Featureless_Bug t1_j1uygsw wrote on December 27, 2022 at 4:27 PM

Why should they do it again?

gkaykck t1_j1uzq8f wrote on December 27, 2022 at 4:36 PM

Personally, I'd like to be able to filter out AI generated content from my feeds sometimes.

Featureless_Bug t1_j1v4w14 wrote on December 27, 2022 at 5:10 PM

Sure, some users might be interested in it. Why would OpenAI do it, though? Especially given a wide range of open source alternatives that you can run on your own cluster

gkaykck t1_j1v72ay wrote on December 27, 2022 at 5:25 PM

I think if this is going to be implemented, it has to be at model level, not as an extra layer on top. Just thinking outloud with my not so great ML knowledge, if we mark every image in training data with some special and static "noise" which is unnoticable to human eyes, all the images generated will be marked with the same "noise". So this is for running open source alternatives on your own cluster. I think if this kind of "watermarking" will be implemented, it needs to be done in the model itself.

When it comes to "why would OpenAI do it", it would be nice for them to be able to track where does their generated pictures/content end up to for investors etc. This can also help them "license" the images generated with their models instead of charging per run.

Exnur0 OP t1_j1vgj6f wrote on December 27, 2022 at 6:26 PM

You don't actually have to watermark images in order to know that you generated them, at least not if you're checking exactly the same image - you can just hash the image, or store a low-dimension representation of it as a fingerprint (people sometimes use color histograms, in principle you could use anything). Then, you can look up images against that data to see if it's one of the ones you produced.

Brudaks t1_j21x8ut wrote on December 29, 2022 at 1:39 AM

Thing is, we can't really do that for text, natural language doesn't no free variation where you could insert a sufficient bits of special noise unnoticable to human eyes. Well, you might add some data with various formatting or unicode trickery, but that would be trivially removable by anyone who cared.

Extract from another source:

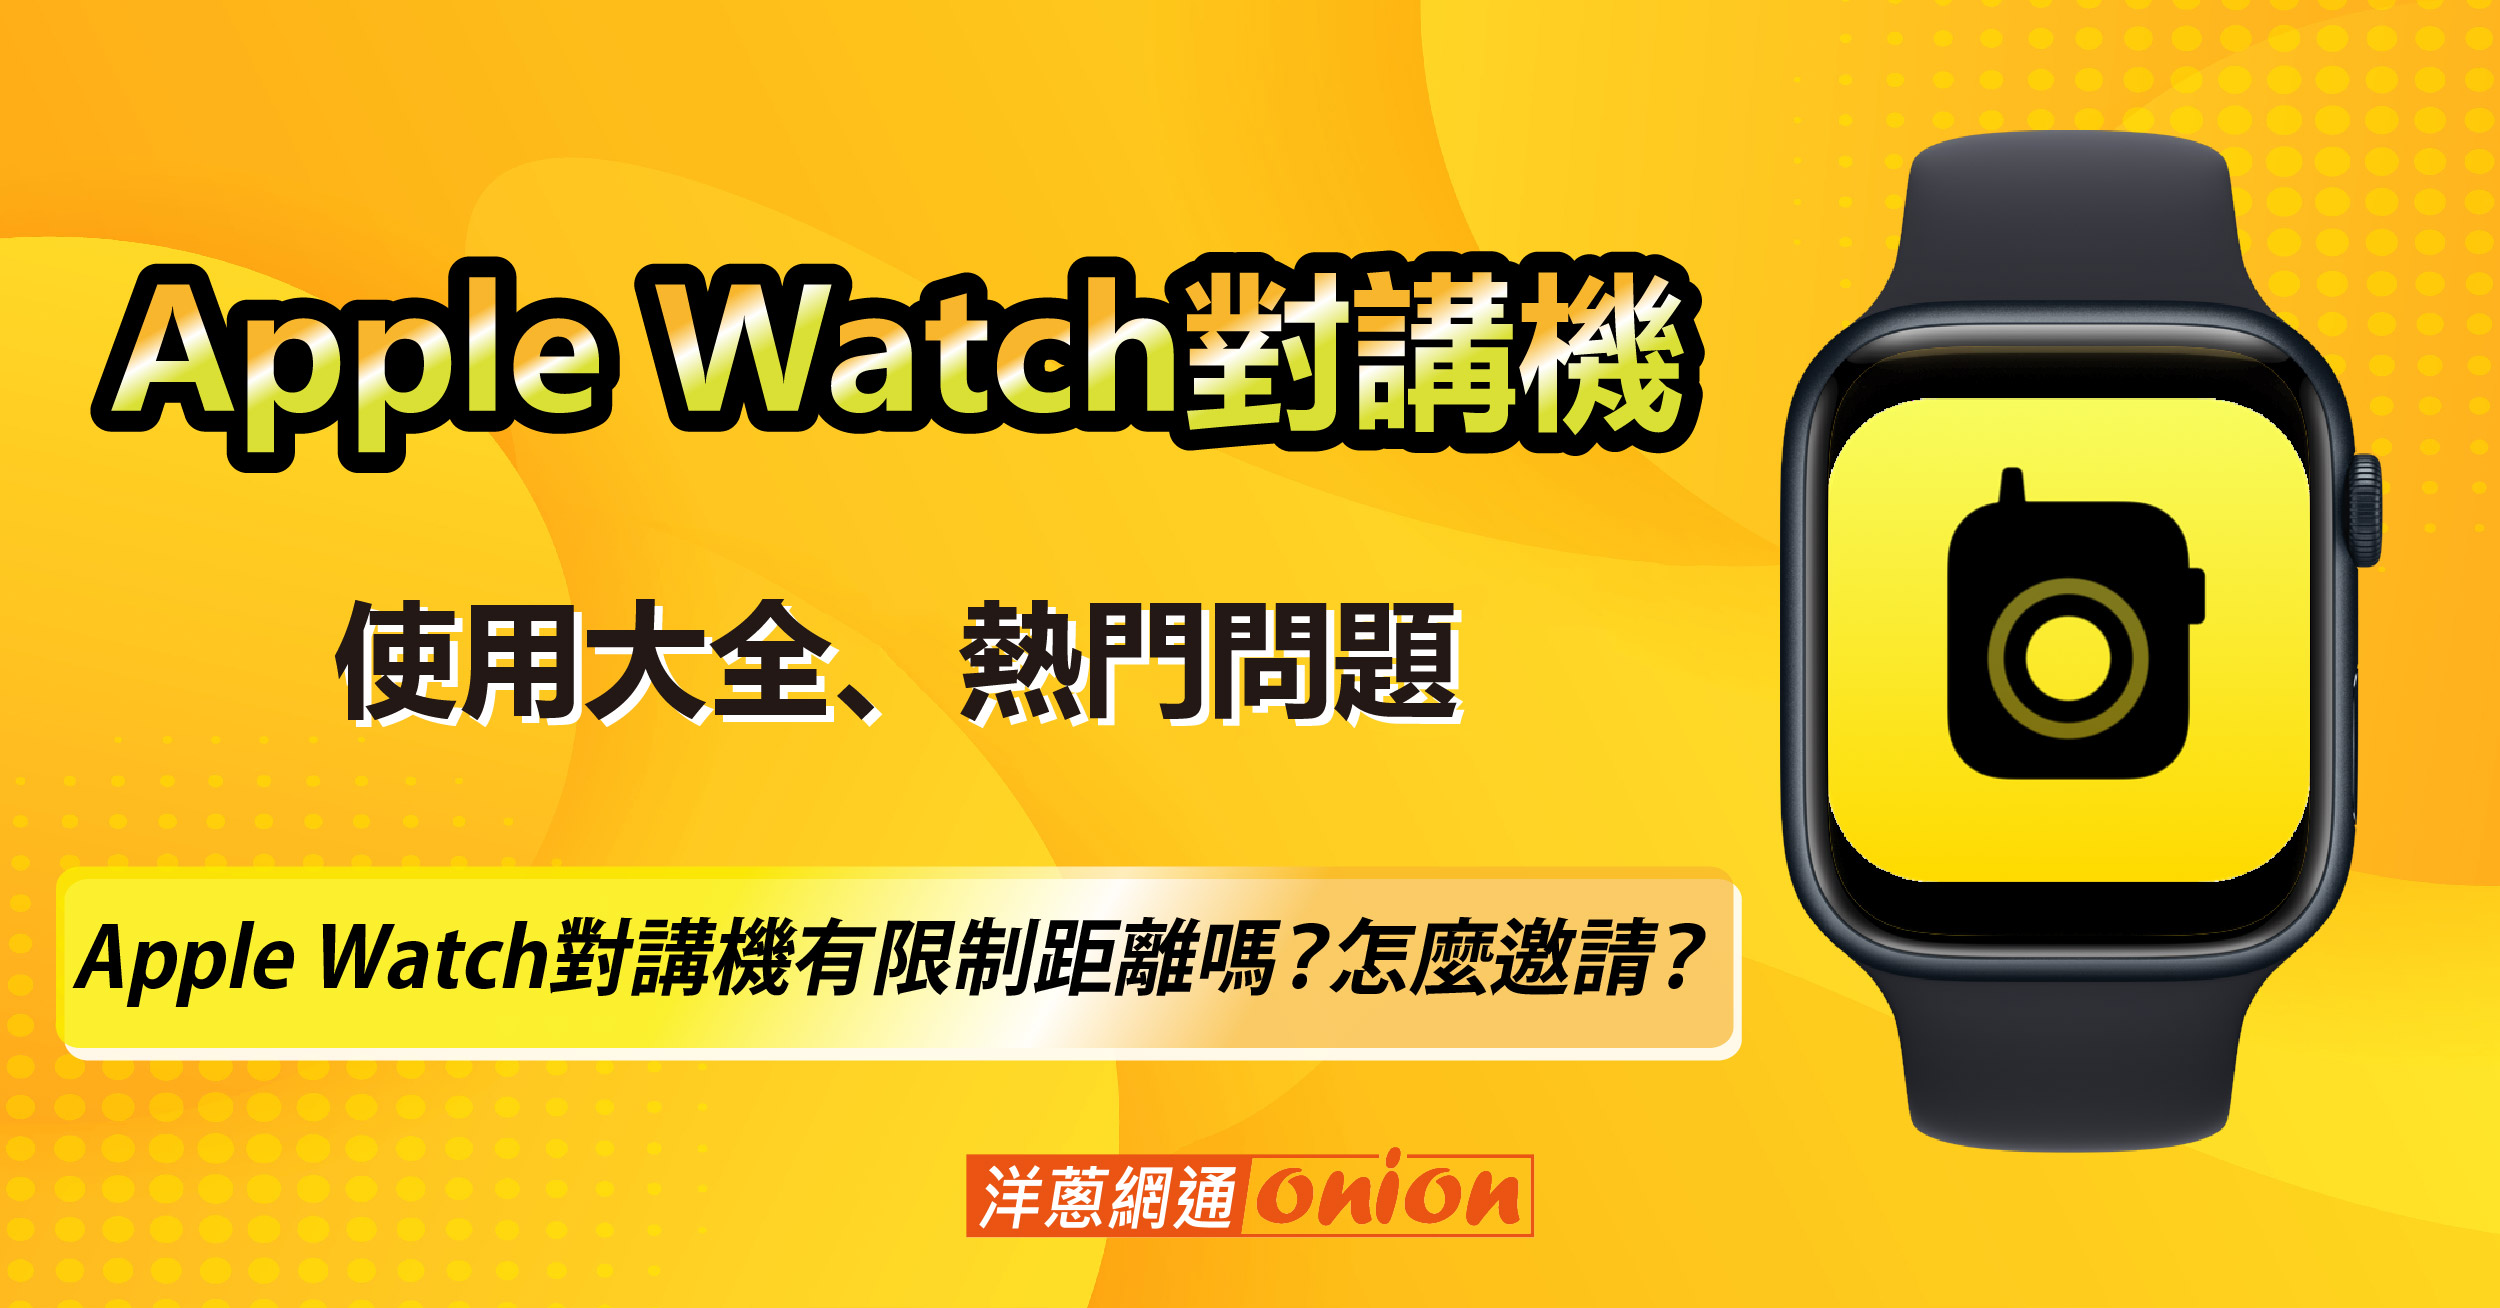 Apple Watch對講機使用大全：Apple Watch對講機有限制距離嗎？怎麼邀請？

Featureless_Bug t1_j1veefz wrote on December 27, 2022 at 6:12 PM

>I think if this is going to be implemented, it has to be at model level, not as an extra layer on top. Just thinking outloud with my not so great ML knowledge, if we mark every image in training data with some special and static "noise" which is unnoticable to human eyes, all the images generated will be marked with the same "noise".

This is already wrong - it might work, it might not work

>So this is for running open source alternatives on your own cluster.

Well, of course the open source models will be trained on data without any noise added, people are not stupid

>When it comes to "why would OpenAI do it", it would be nice for them to be able to track where does their generated pictures/content end up to for investors etc. This can also help them "license" the images generated with their models instead of charging per run.

Well, open AI won't do it because no one wants watermarked images. Consequently, if they tried to watermark their outputs, people will be even more likely to use open-source alternatives. That's why open AI won't do it

Eggy-Toast t1_j1vhtgg wrote on December 27, 2022 at 6:34 PM

“This is already wrong — it might work” disingenuous much?

The point of that proposed watermark is that it can be imperceptible to the human eye but perceptible by some algorithm or model nevertheless. It only adds value to the product, but perhaps not as much as it would take to implement.

I think in your comments though you entirely overlooked the fact that DALLE 2 has watermark implementation and it is in no way subtle, but it can be cropped out.

perta1234 t1_j1w1872 wrote on December 27, 2022 at 8:44 PM

My question too. If a simple request is enough to get the work done, the work was too easy. The standard outputs are quite boring and low quality, but with good additional criteria and limits and requests, the output begins to become interesting. But at that point it is more like cocreation. In my testing, I found that I can save about 30% of the time compared to writing it myself, not more. Since the AI tends to hallucinate when subject is challenging, you need to direct the AI carefully.The main benefit coming from the use of AI is that one needs to think and describe the requested text outline and focus and aim very well. After that is done, writing is very easy anyway. AI just writes better English than some of us.